Per quanto riguarda la sotto-narrazione relativa al “degrado”, si è già avuto modo di presentare la lettera del prefetto di Napoli citata a giustificazione dello stato di emergenza, che descriveva una situazione “priva di infrastrutture adeguate”, sprovvista di “sufficienti aree di parcheggio”, senza rete fognaria (Corte dei Conti 2010: 27). In una successiva intervista rilasciata ad un quotidiano il Ministro affermava che, nonostante grazie alla Soprintendenza “le attività di scavo e restauro sono proseguite” non è stato possibile rendere accessibili al pubblico decine di domus perché mancano “persone in grado di applicare i modelli di gestione e valorizzazione delle aree archeologiche o museali” (Feltri 2008). Quindi nonostante le soprintendenze avessero “un'insostituibile funzione di tutela del patrimonio”, la valorizzazione turistica “non può essere svolta dai sovrintendenti, perché richiede professionalità manageriali del tutto particolari” (Feltri 2008). La nomina del Commissario per il Ministro andava allora intesa in due sensi. Da un lato dimostrava “che il governo non intende restare passivo di fronte al degrado di una delle aree archeologiche più importanti del mondo”, dall’altro confermava “la volontà di tutelare il patrimonio storico e culturale, e di volerlo valorizzare per lo sviluppo turistico” affiancando al Soprintendente figure maggiormente propense a questa modalità di utilizzo del sito culturale (Feltri 2008). Il commissariamento in questa prima fase viene quindi interpretato dal Ministero come uno strumento di supporto al Soprintendente per quelle attività inerenti alla sfera dei servizi e della valorizzazione turistica.
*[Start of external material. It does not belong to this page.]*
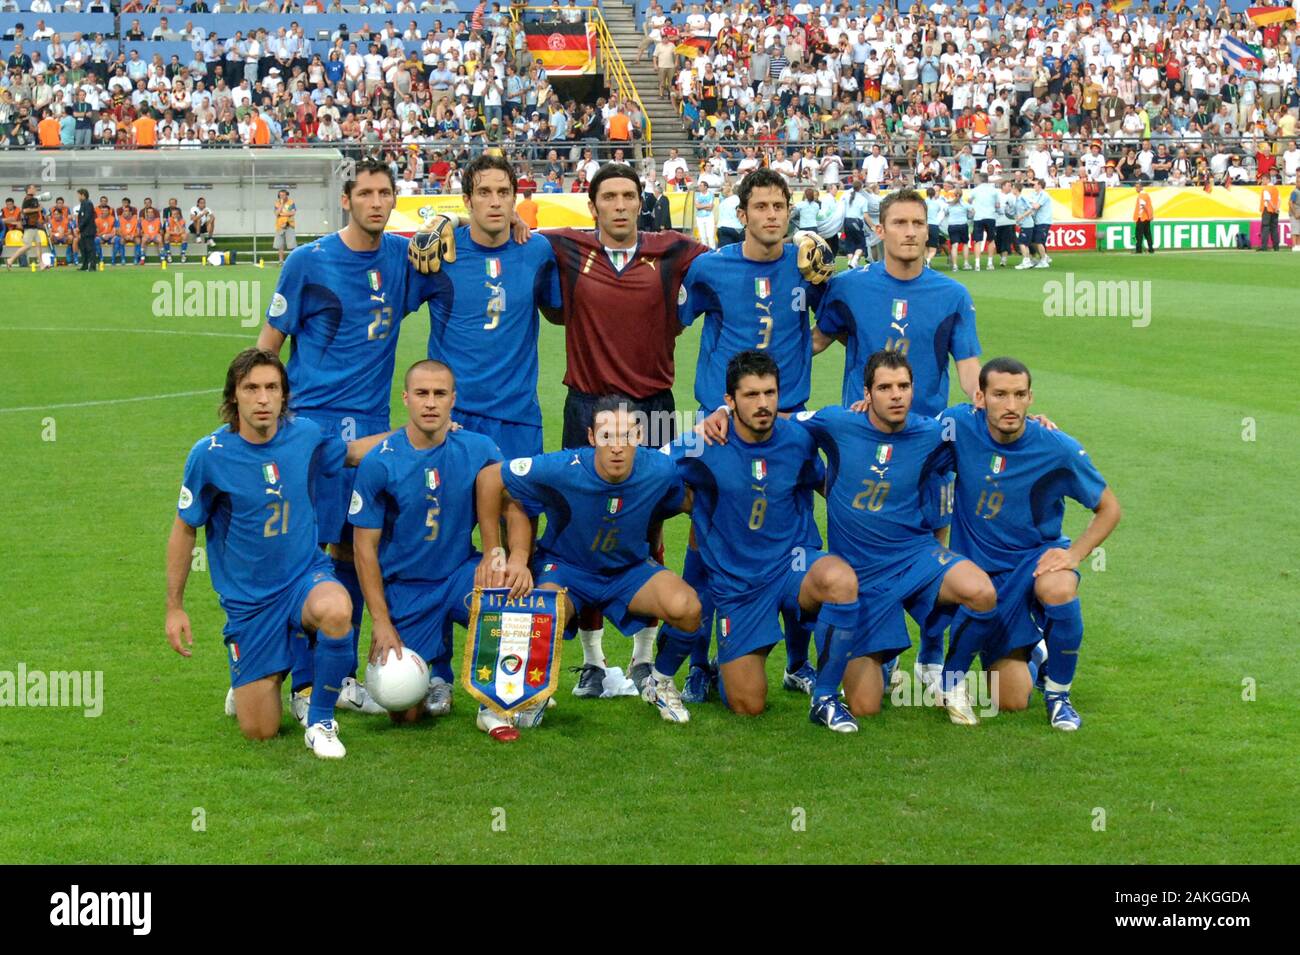 Mondiali 2006 immagini e fotografie stock ad alta risoluzione - Alamy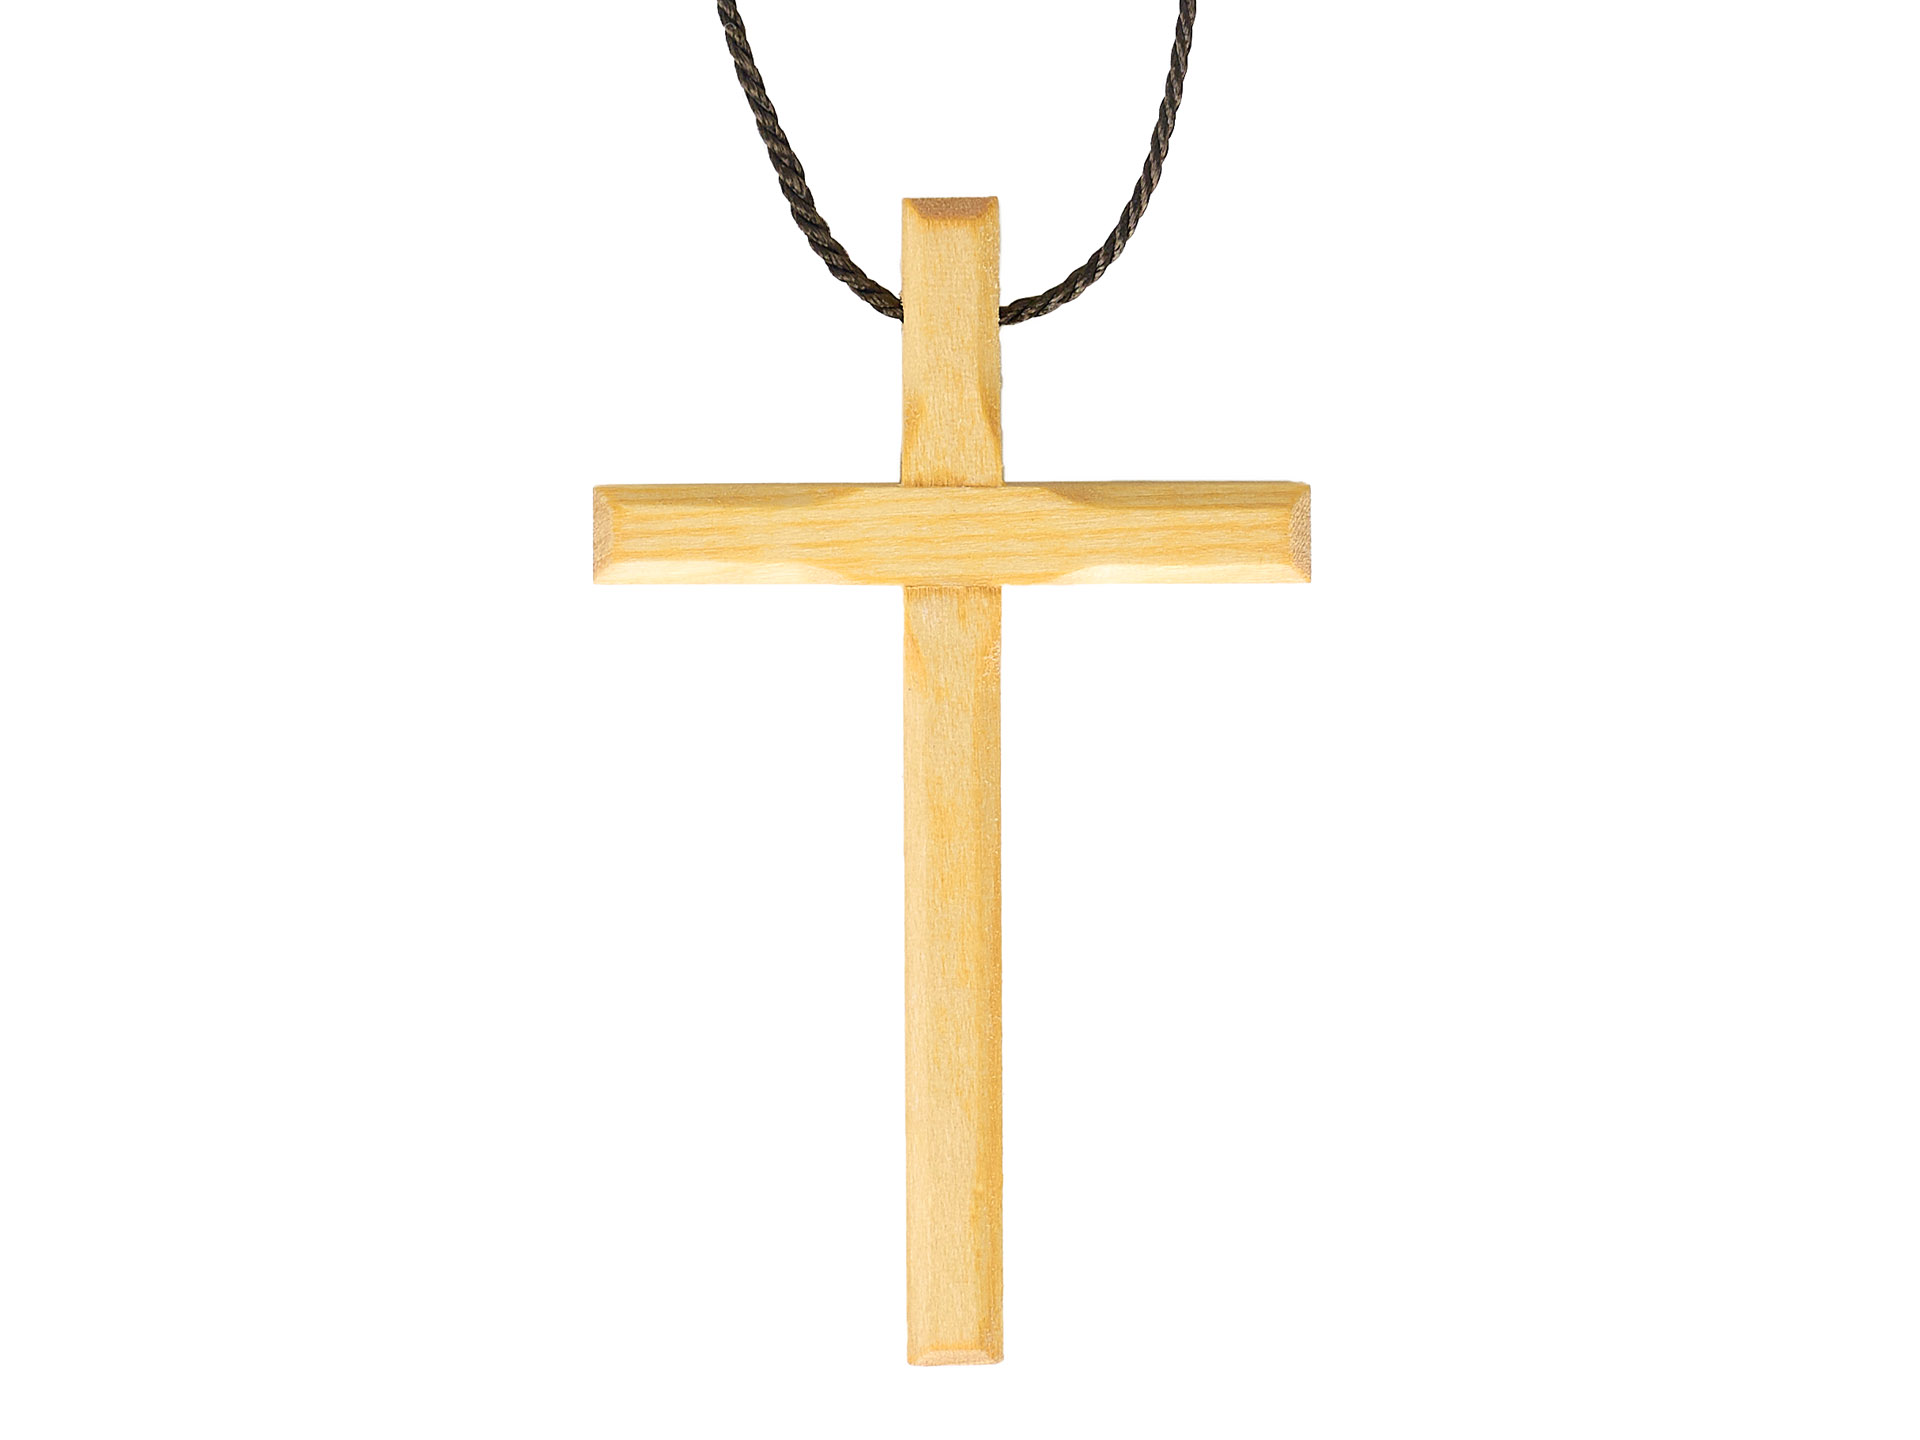 Kaufen Sie Goldene Zweig-Kreuz-Kette-Halskette. Echter Olivenzweig Kreuz  Gold zu Großhandelspreisen

Successivamente al crollo della Schola Armaturarum, avvenuto nel novembre 2010, il Ministro dovette difendersi in Parlamento dall’accusa di avere responsabilità dirette nel collasso. In quell’occasione il Ministro rivendicò la scelta della nomina di un Commissario straordinario. Grazie a questo intervento, dichiarò,
“Sono stati investiti oltre 79 milioni di € […] l'83 per cento è stato destinato alla messa in sicurezza dell'area archeologica (per un ammontare di 65 milioni di €), consentendo la manutenzione, il restauro e l'apertura al pubblico di un numero considerevole di edifici” (Camera dei Deputati 2010b).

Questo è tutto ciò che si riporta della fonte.